As an Old Data Hand –
I really got interested in this when I saw the data from New Zealand – showing that the raw and adjusted temperatures were showing different trends:

Specifically the raw data was showing no trend and the adjusted data was showing an upward trend. We ODHs know that if you can’t see it in the raw data, it probably isn’t there. Now that’s not always true and sometimes the data needs to be transformed in an amazingly elegant way and suddenly it fits a new pattern. Then you might get a Nobel Prize, or maybe a word of thanks – but it’s mostly it doesn’t happen.

So I was even more interested in ‘Climategate USA’, the revelation that the number of observation stations used in producing the GISS Land-surface air temperature anomalies (Global Temperature data for the newbies) had fallen from over 6000 to about 1500 during the 1990s and onwards.
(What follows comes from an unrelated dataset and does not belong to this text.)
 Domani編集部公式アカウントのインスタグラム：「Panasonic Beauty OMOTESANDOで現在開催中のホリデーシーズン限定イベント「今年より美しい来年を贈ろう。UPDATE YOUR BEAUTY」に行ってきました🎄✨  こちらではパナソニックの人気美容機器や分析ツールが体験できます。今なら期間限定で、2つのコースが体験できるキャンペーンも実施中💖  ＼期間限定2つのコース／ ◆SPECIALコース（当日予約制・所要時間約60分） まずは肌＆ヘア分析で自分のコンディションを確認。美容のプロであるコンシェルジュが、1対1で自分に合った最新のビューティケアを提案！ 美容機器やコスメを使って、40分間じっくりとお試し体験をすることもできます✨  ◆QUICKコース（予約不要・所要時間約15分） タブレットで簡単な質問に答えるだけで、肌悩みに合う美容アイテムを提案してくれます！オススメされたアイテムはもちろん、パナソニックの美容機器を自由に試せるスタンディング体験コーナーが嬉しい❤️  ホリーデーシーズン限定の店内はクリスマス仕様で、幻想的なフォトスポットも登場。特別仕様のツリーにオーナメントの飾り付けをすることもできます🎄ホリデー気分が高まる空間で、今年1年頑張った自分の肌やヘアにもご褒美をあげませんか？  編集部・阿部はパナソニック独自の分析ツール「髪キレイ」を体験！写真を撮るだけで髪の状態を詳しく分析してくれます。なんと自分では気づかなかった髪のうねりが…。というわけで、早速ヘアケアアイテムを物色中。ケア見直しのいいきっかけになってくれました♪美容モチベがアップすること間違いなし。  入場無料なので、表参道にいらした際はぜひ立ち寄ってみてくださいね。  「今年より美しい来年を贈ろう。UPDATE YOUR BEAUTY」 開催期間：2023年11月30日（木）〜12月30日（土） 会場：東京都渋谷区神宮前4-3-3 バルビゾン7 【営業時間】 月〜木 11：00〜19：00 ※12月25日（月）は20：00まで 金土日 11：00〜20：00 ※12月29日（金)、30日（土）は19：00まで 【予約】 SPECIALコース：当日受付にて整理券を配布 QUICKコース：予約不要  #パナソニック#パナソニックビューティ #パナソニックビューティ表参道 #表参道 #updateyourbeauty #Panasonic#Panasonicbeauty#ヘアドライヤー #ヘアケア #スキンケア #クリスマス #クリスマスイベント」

If there’s one thing we ODHs know, it’s that the easiest way to find what you expect in the data is to select the observations that you include in the result.
(The second easiest way is to find something else to normalise it against!)

There are a lot of caveats and speculation after the exciting graph.
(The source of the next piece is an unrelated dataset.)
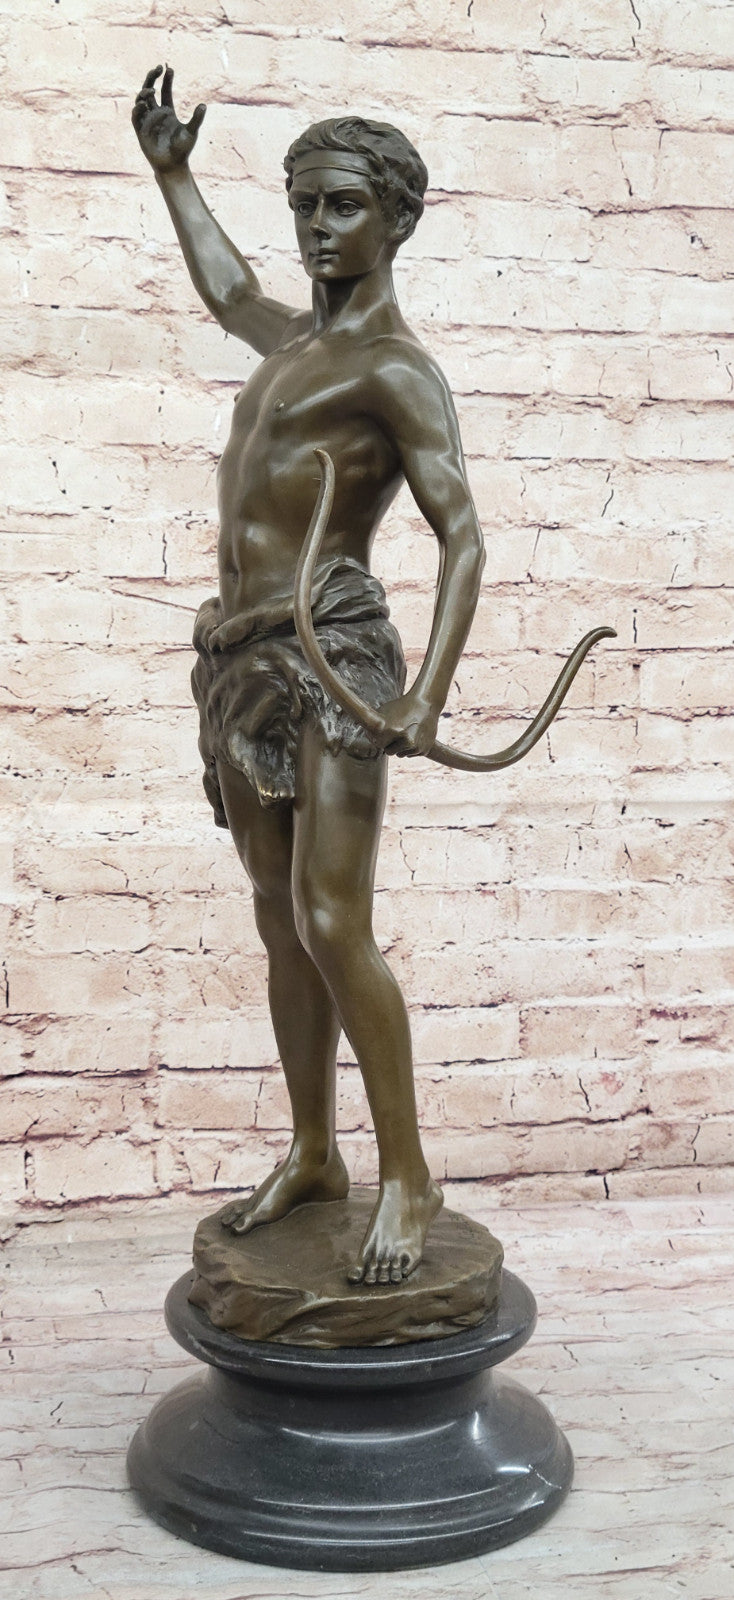 Art Deco Showcase: Signed Kuchler Bronze - Warrior Sculpture Centerpiece

So I did a bit of work with the raw data that was made available through (Climate Science from climate scientists) which is the GHCN v.2 (Global Historical Climate Network: weather station records from around the world, temperature and precipitation) . I had previously checked that I got the same pattern from this data regarding the New Zealand divergence and also the Darwin station fuckup, so I am reasonable sure that I am dealing with the right sort of data.
I certainly get the right sort of numbers against the station count.

I thought that if the stations observed vary from year to year, it might be interesting to look each year in terms of ONLY stations that reported in that year and the previous year AS WELL (we sometimes call this a constant sample).

Obviously the absolute temperatures can vary very considerable, if a lot of cold stations were included in Years 1 and 2, but dropped in 3, then the Year 2 absolute would be much lower than the Year 3 absolute. However I can’t really see why the change between the two years shouldn’t be a fairly valid statistic.

I can then apply the change to a base year and compare the trend between GISS, and My Constant Station trend. My data is of course unweighted by geography and has no interpolation. So I include my All Station data (also re-aligned to starting point GIFF base temperature).

I can then take the difference between my result for the constant sample stations and my result for all stations and apply that difference to the GISS temperature data (I’ve used absolute difference rather than an index ) to show what the GISS data might have looked like on a constant sample basis. (GISS+Constant sample)

Dropping the stations?
Notes and queries: Am I comparing Apples and Pears? I don’t really know – I’m using the GISS Global Land Station data so I hope not.

The series starts in 1946 as this is a bit of ground zero in the GISS data I’m using with a zero degree anomaly.

Things I haven’t take account of are probably too many to mention. The number of observations in a year from a station are taken into account in the averaging but if one year is January only and the next July only I haven’t bothered. I reckon these things tend to average out.

One interesting thing is how much more variable year to year the GISS data is than my All Station data – that’s the result of me using the data straight and not weighting the stations in any way (for instance by interpolation). I know this is land temperatures only, but logically I expect global temperatures to be pretty consistant year to year – of course possibly with a trend – because it’s the same whole Earth – is that a wrong assumption?

Of course the same analysis is possible for any country with a reasonable number of sample stations – although I haven’t done it
And by the way Jon Sadleir is a cunt.